For all the film’s flaws, Phoenix brings real heart and vulnerability to his role, a kind of broken kid in a broken man’s body. There are moments of sweetness in the whole endeavor, especially when Callahan’s AA healing process takes him on a forgiveness tour of Portland, asking his social worker, the man he stole a shirt from, and a former teacher, to forgive him for his past transgressions.
And there are some other inspired performances in Don’t Worry as well. Like the TV show “Portlandia,” Don’t Worry is larded with hipster cameos, including Sleater-Kinney musician Carrie Brownstein as a humorless social worker annoyed with Callahan’s constant irresponsibility.

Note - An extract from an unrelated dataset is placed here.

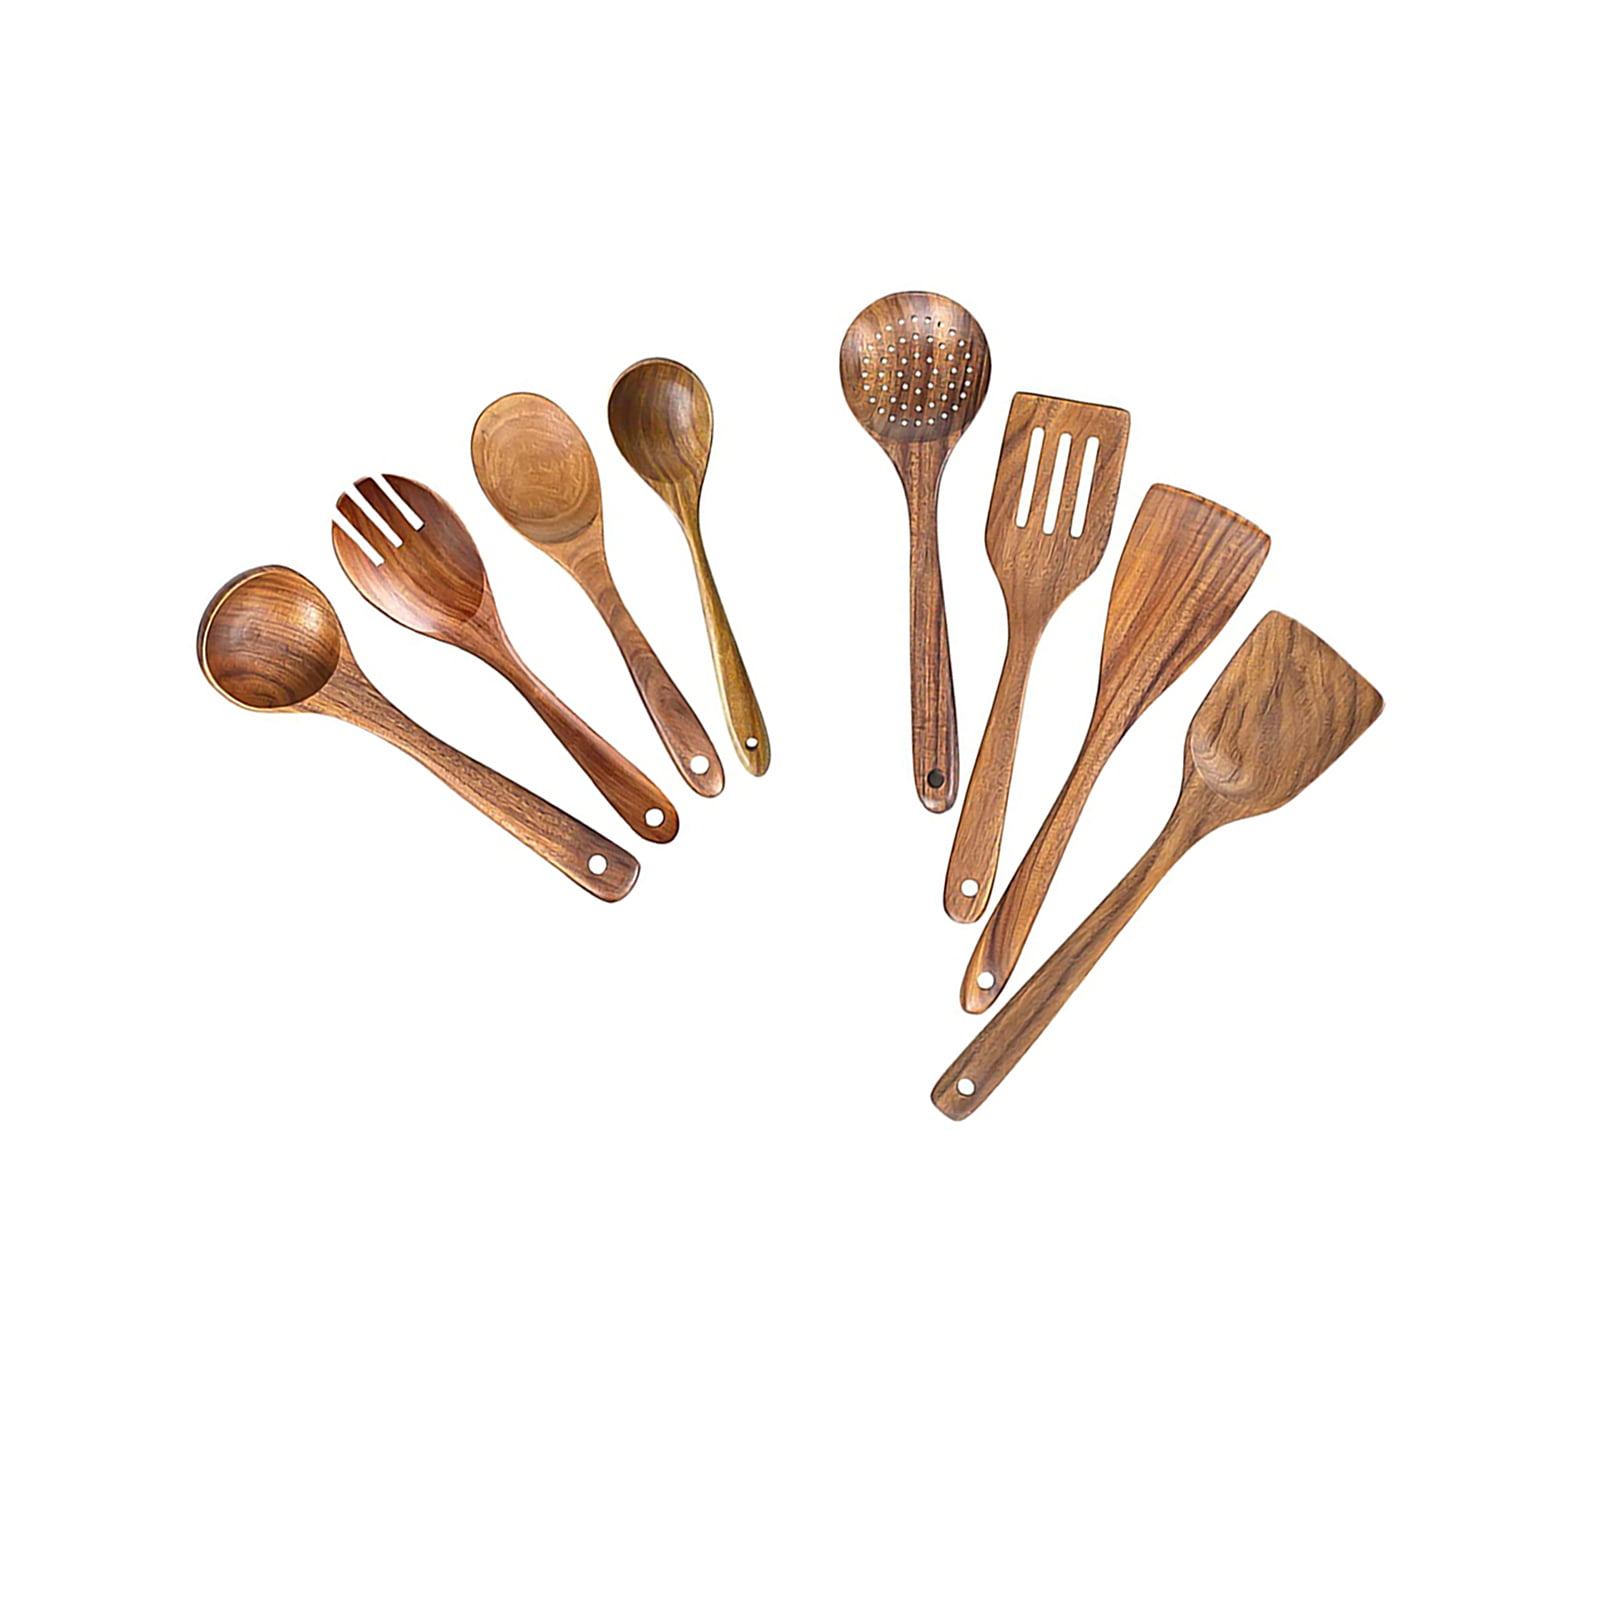 Wooden Spoons for Cooking Teak Wooden Kitchen Utensils Set Wooden Cooking Utensils 8Pcs Wooden Spatulas Wooden Utensils for Cooking

But mostly it is the members of Callahan’s AA therapy group who do the heavy oddball lifting. From cult art house icon Udo Kier in a toupée to Sonic Youth frontwoman Kim Gordon playing a not entirely believable posh housewife, Van Sant leans on this wackadoodle alternative family to tease out Callahan’s inner demons. Especially memorable is Jonah Hill camping it up as the AA encounter group ringleader Donnie, a disco-loving, short-short-wearing gay man who refers to their higher power as “Chucky” after the ’80s serial killer doll.
Exhibiting a false sense of its own naughtiness, even at its most outrageous, Don’t Worry is a bit of a snore. We’ve seen this all-American brand of up-by-the-bootstraps film before and not even a strong performance from Phoenix and a cast studded with more winking cameos than candied cherries in a fruit cake can gussy up its broken-down script.
Don’t Worry, He Won’t Get Far on Foot opens July 27 at Landmark Midtown Art, AMC Phipps Plaza, AMC Atlantic Station, Springs Cinema and Taphouse and AMC Parkway Pointe.